Mr Meier’s applied to BT in response to an advert for graduate network design and engineering opportunities. BT advertised for candidates with either a 2.1 degree or a 2.2 degree with additional post-graduate degree. They said they were looking for graduates with a technical mindset and good problem-solving skills, as well as a good working knowledge of IP networks, protocols and network components with the ability to communicate complex concepts. Mr Meier had a 2.1 degree in computer science and a very high IQ (139). He has Asperger’s Syndrome, dyslexia and dyspraxia. Mr Meier disclosed details of his disabilities as part of the application process (conducted over email), but the recruitment team were not provided with the information as it formed part of the monitoring section only. In that sense the application was anonymous. Under the Guarantee Interview Scheme, BT guaranteed to interview anyone with a disability whose application met the minimum criteria for a position. Mr Meier, in common with all other applicants, was asked to undertake a ‘situational strength test’ (SST), as part of which he was tested, and then scored, on his response to a series of scenarios. Mr Meier fared very badly in the test, scoring 29 out of a possible 180. The pass mark had been 73. BT wrote to Mr Meier to advise him that his application would not be taken forward as a result. Ultimately 166 graduates were offered positions.

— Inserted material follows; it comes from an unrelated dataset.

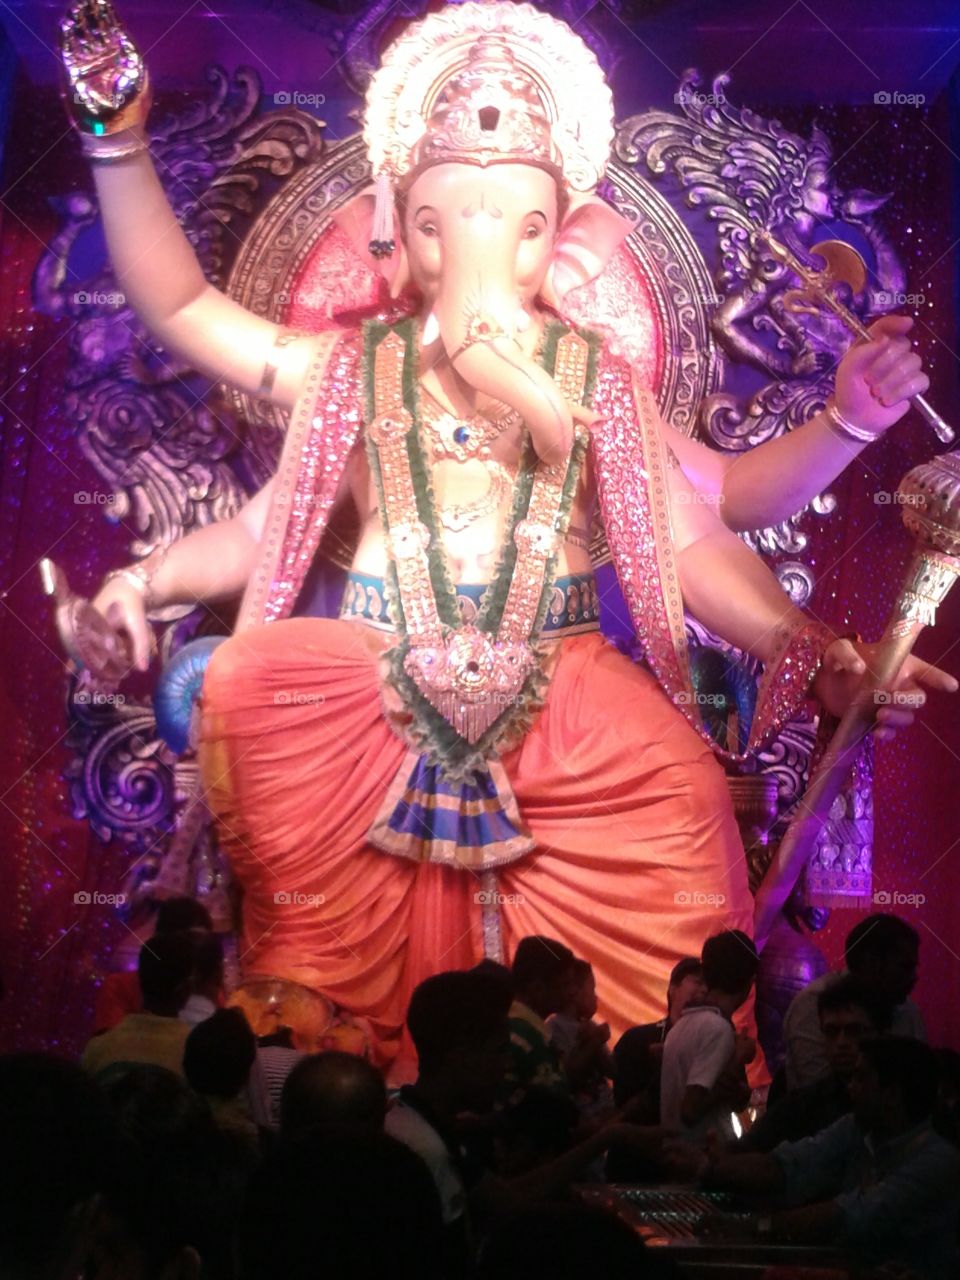 this is lord Shree Ganesha. son of Lord Mahadev. this festival is specially celebrate in Maharashtra, India.

When challenged by Mr Meier’s mother as to the appropriateness of the SST for disabled candidates, and why they had not thought to make reasonable adjustments to that part of the recruitment process for candidates with hidden disabilities, BT had indicated that the onus had been on Mr Meier to have voiced his concerns earlier and to have made suggestions as to adjustments that were needed. As he had done neither, BT felt that they had fulfilled their obligations.
In its decision, the Court of Appeal were satisfied that BT knew that the claimant was disabled, by virtue of the information on the monitoring form, and had not pro-actively offered to make or made any reasonable adjustments. By not considering whether any information in the monitoring form was relevant to its ongoing obligation (and commitment) to make reasonable adjustments to the assessment or interview processes, Mr Meier had been placed at a substantial disadvantage in the recruitment process. The Court of Appeal emphasised that the duty to make reasonable adjustments is not just to consider those adjustments which may be put forward by the applicant or employee, it is for the employer to consider itself whether any reasonable adjustments are appropriate and necessary, whether or not they have been advanced by the individual in question.
This case, as well as the EAT decision in Government Legal Services v Brooks, featured in previous news articles, are both salutary tales of the importance of taking a pro-active approach when designing and implementing recruitment processes and considering whether individuals with hidden disabilities are, or could be, disadvantaged. Exercise some caution with psychometric testing as this does seem to be an especially tricky area to get right; ask yourself is it an essential part of the recruitment process? If it is, don’t spring the test on candidates, be upfront about what the test involves and why it’s necessary and demonstrate an openness and willingness to make accommodations to the testing method if that’s appropriate. Crucially, however, do not wait to be asked to make an adjustment – if there’s an obvious issue or adjustment that can or should be made, make it. What’s the worst that can happen? It’s another person to interview.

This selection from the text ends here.